YOUR INSTRUCTIONS.
Only one stretch of the data is wanted: the line containing "In the manner", the line containing "Excellent condition commensurate", and every line between them, copied exactly.

INPUT FOR THIS TASK.
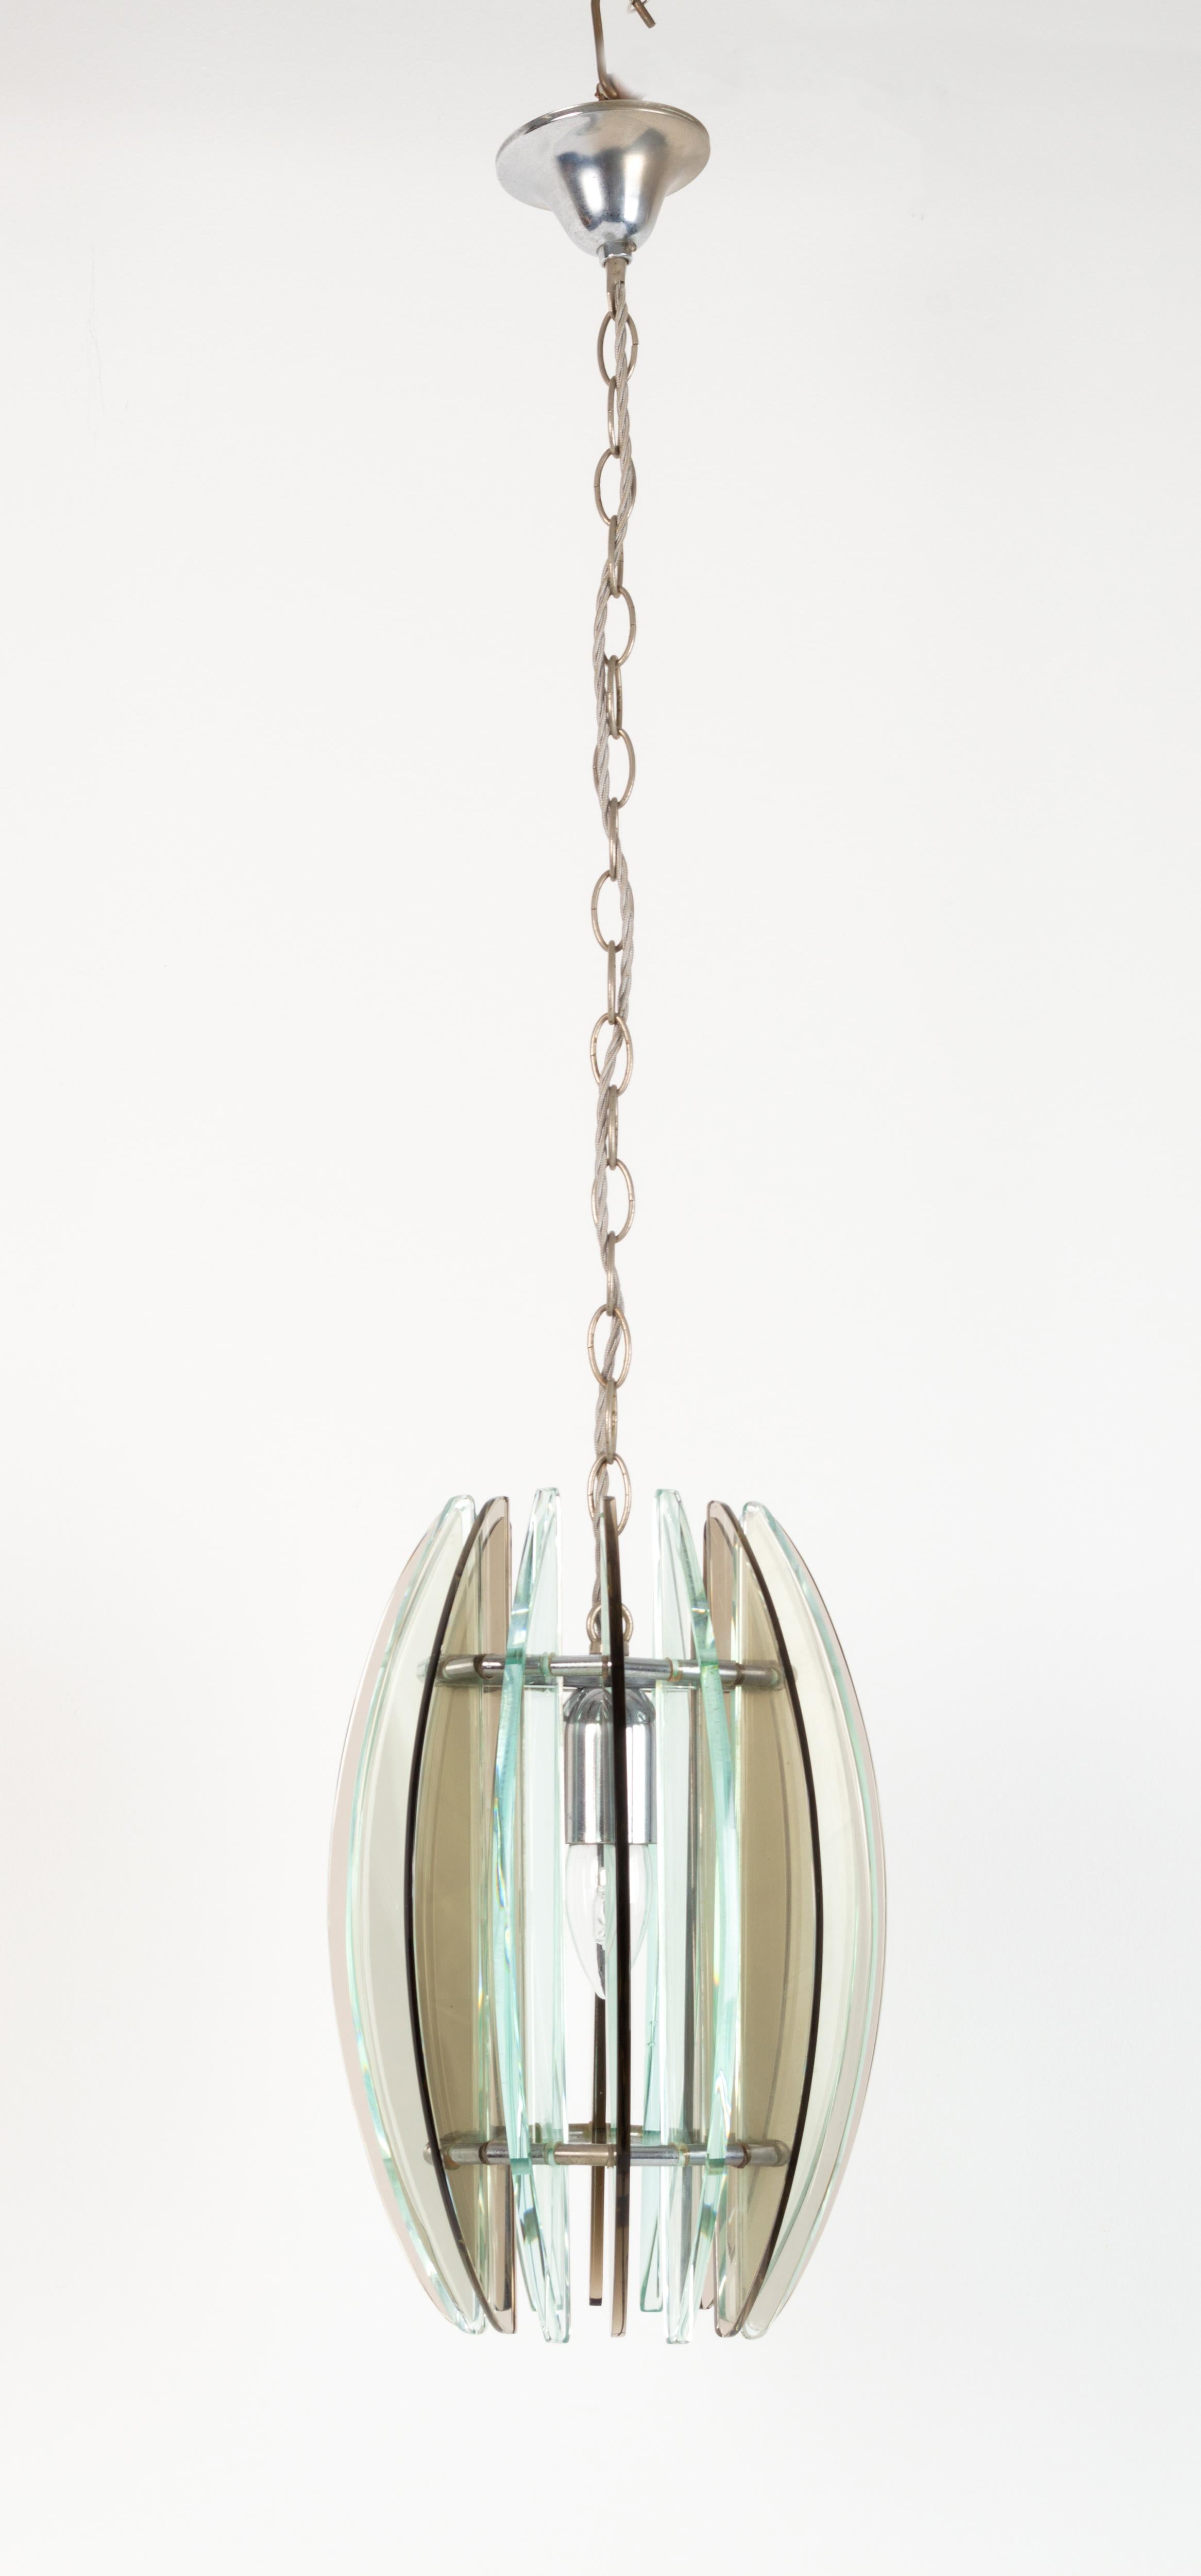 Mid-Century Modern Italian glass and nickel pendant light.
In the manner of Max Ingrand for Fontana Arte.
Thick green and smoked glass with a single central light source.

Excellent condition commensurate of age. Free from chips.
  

...

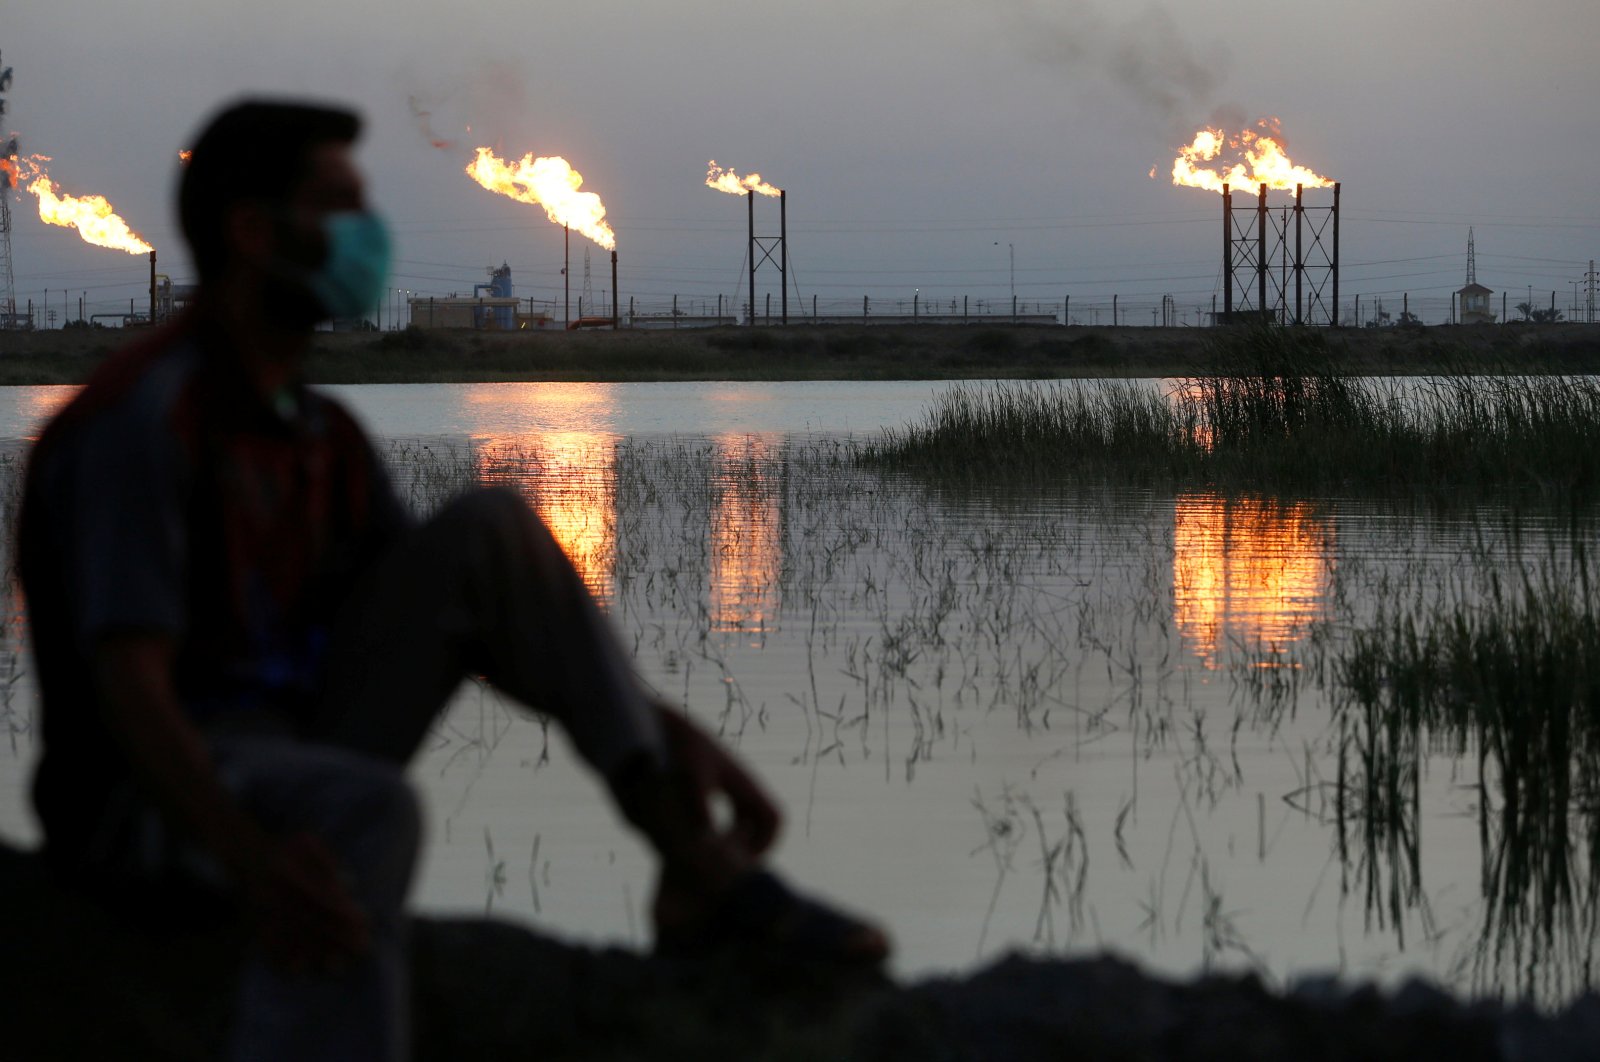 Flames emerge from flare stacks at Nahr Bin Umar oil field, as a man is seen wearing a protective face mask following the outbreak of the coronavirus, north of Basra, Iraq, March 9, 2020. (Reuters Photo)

WRITTEN RESPONSE.
In the manner of Max Ingrand for Fontana Arte.
Thick green and smoked glass with a single central light source.

Excellent condition commensurate of age. Free from chips.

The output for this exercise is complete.